**Problem description**. From the data below, repeat exactly the lines from the line with "Though swinging to" to the line with "Assorted handmade Argentinian", both included.

**Material for the task**.
===
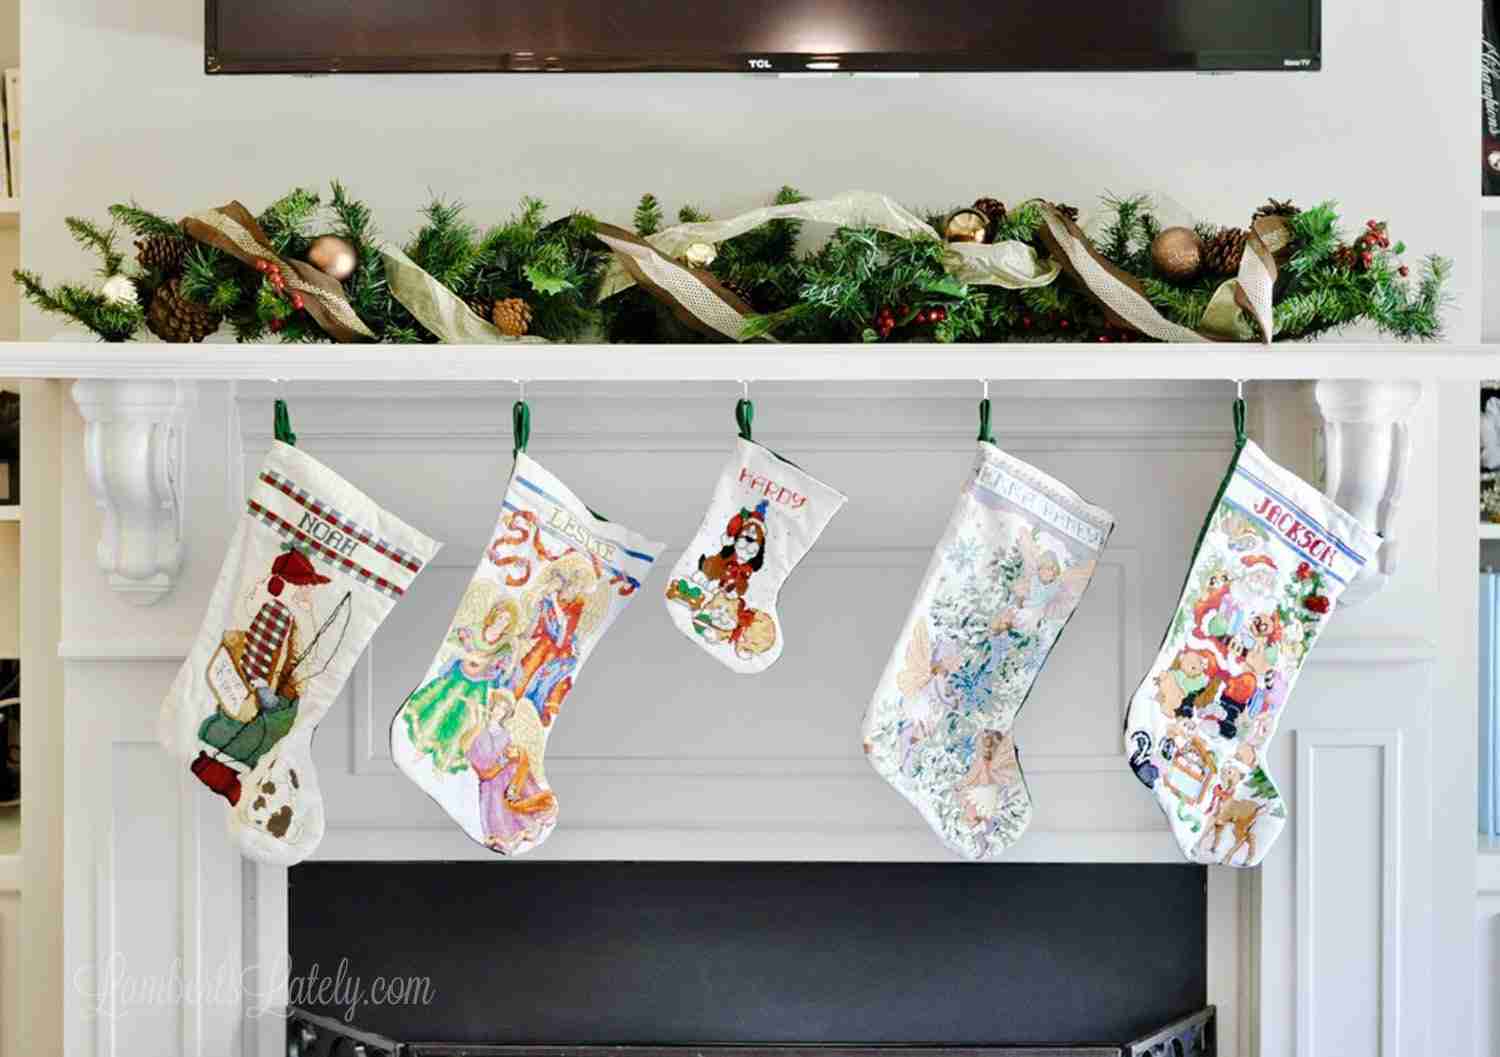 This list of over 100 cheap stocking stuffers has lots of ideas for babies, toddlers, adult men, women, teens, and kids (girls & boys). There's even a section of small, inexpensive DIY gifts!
===
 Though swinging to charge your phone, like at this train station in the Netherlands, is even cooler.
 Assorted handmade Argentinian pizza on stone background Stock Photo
===
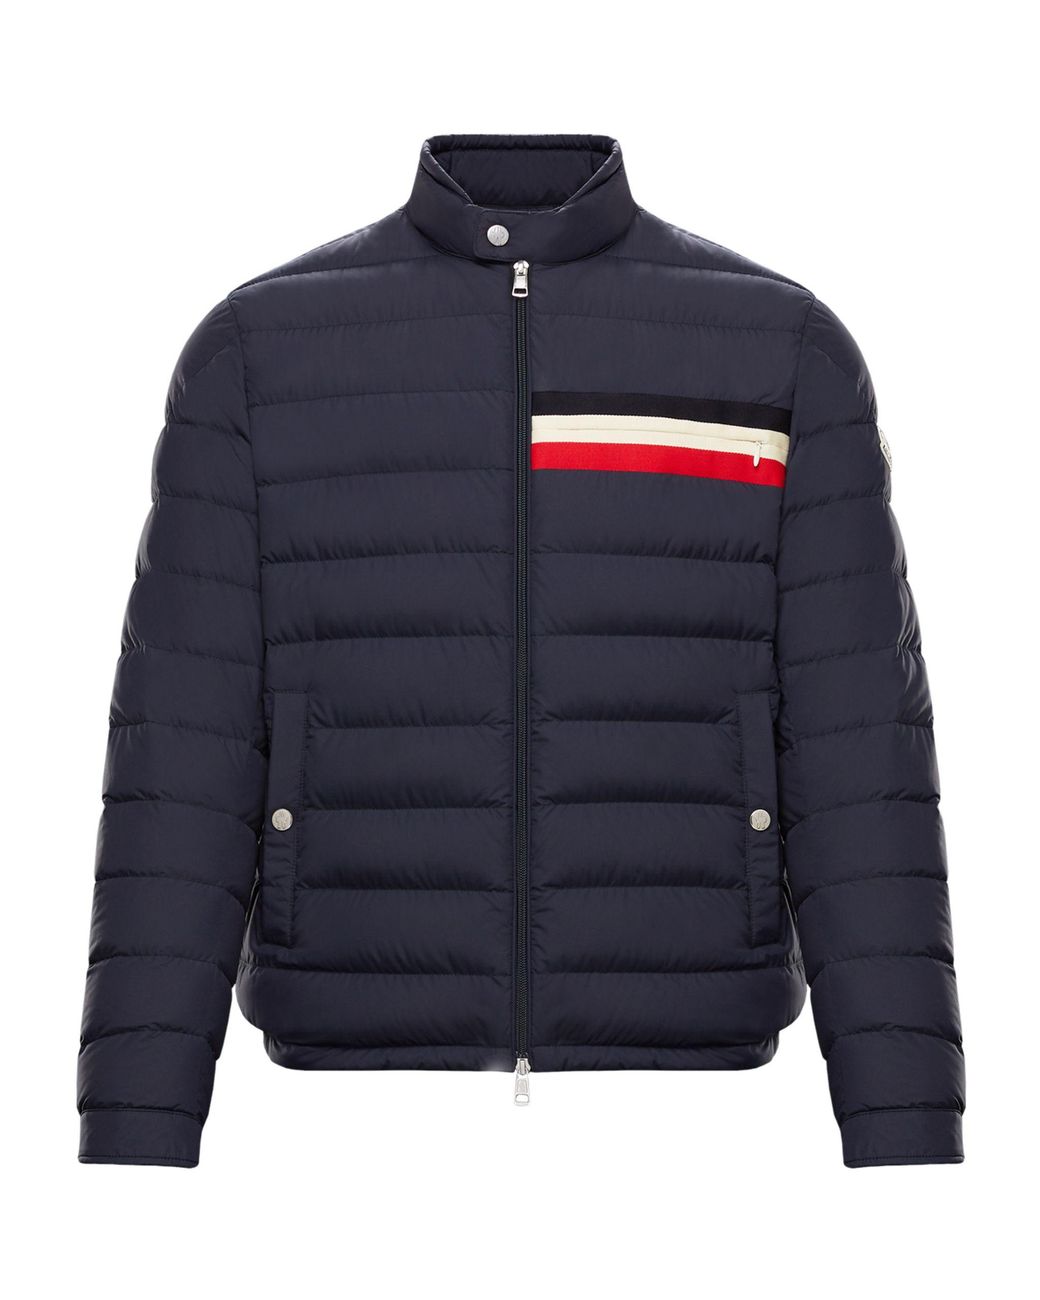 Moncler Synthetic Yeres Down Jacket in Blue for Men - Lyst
===
**Exercise output**.
 Though swinging to charge your phone, like at this train station in the Netherlands, is even cooler.
 Assorted handmade Argentinian pizza on stone background Stock Photo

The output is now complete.